Lo studio statunitense fa subito un esempio pratico per evidenziare la questione. Diuretici e beta-bloccanti sono considerati la prima linea terapeutica per l'ipertensione, e si tratta di medicinali relativamente poco costosi e disponibili in forma generica. Si dovrebbe trattare, perciò, dei farmaci più prescritti. Ma non è così. Una massiccia campagna per promuovere l'uso dei bloccanti dei canali del calcio ha determinato, negli anni '90, una grande crescita sul mercato di questa classe di antipertensivi. Dal 4,6% del 1986 al 26,9% del 1996 e in contemporanea la pubblicità per le altre due categorie di farmaci è progressivamente scemata. I bloccanti dei canali del calcio, così, sono diventati le molecole più prescritte e questo nonostante, dicono i ricercatori, possano aumentare il rischio di eventi coronarici. In più il loro utilizzo ha fatto lievitare anche la spesa farmaceutica. E tutto in gran parte per effetto della pubblicità diretta al medico, quella per intendersi effettuata dagli informatori col supporto di brochure, campioni di farmaci e spesso anche di regali. Sono gli stessi medici, del resto, a indicare gli informatori come la fonte primaria di informazione. Ma le ricadute etiche di questa forma di promozione, sia sul paziente sia sulle spese, sono evidenti. Nessuno studio, però, ad oggi aveva monitorato l'accuratezza dei dati presentati nelle brochure promozionali. Se ne è occupato perciò il team statunitense e, dalle loro conclusioni, è meglio non fidarsi ciecamente degli opuscoli delle industrie.

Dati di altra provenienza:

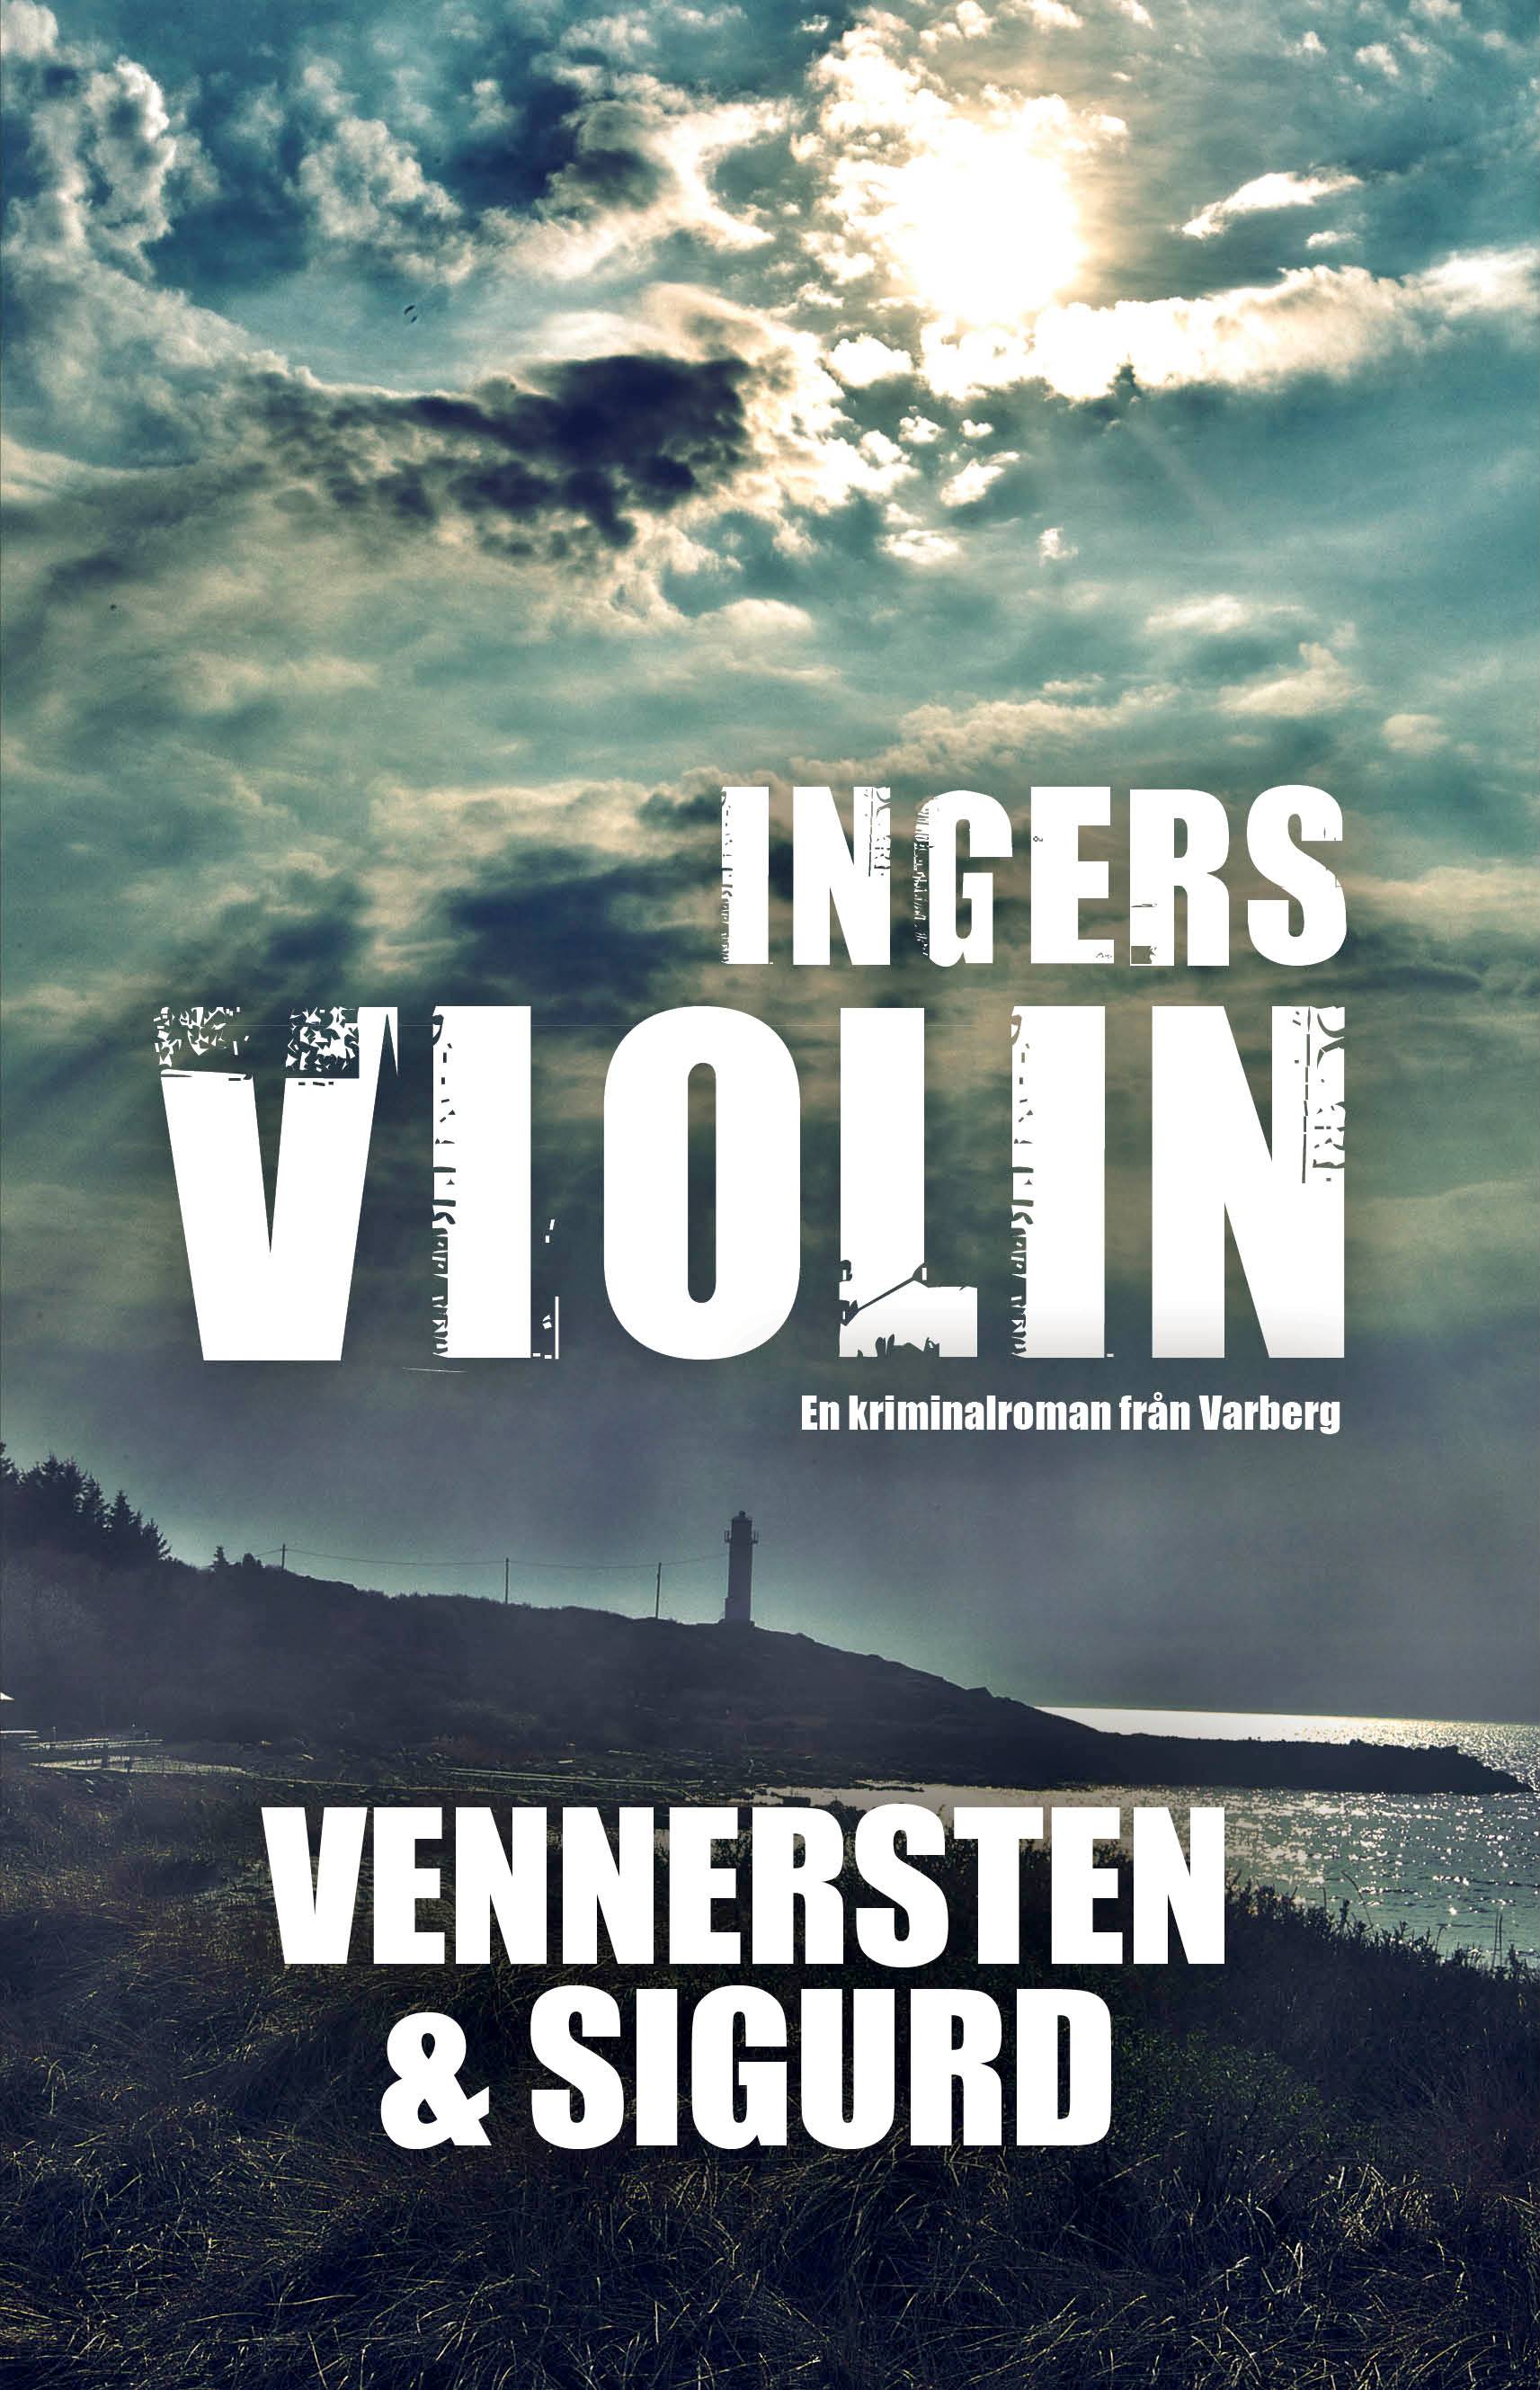 Ingers violin

Ma come si è svolta l'indagine?

L'indagine


I ricercatori hanno chiesto ai medici di cinque cliniche di conservare le brochure promozionali che ricevevano dalle case farmaceutiche e di inviarle successivamente a una "centrale operativa". Tra l'ottobre e il dicembre 2004, sono stati raccolti 20 opuscoli relativi ad altrettanti farmaci e i ricercatori sono risaliti agli studi scientifici di riferimento. A questo punto due revisori (ignari uno dell'altro) hanno effettuato la review dello studio, comparando i dati effettivi con quelli dell'opuscolo promozionale. Ebbene il 75% degli articoli revisionati sono stati considerati validi e l'80% erano sponsorizzati dall'industria farmaceutica. In più il 60% degli studi erano riferiti agli esiti sul paziente e il rimanente 40% al confronto con un altro farmaco. Ma il dato eclatante riguarda il fatto che tre brochure su 20 contenevano dati differenti rispetto a quelli riportati nei trial originali. I limiti dello studio non vanno trascurati: dalla presenza di solo due revisori alle dimensioni ridotte. E poi, va sottolineato, ci si augura che l'appeal di un farmaco per il medico non sia determinato solo dalla brochure. Ma un punto, nell'attesa di studi più articolati, rimane fermo. E' meglio che i medici vadano sempre alla fonte.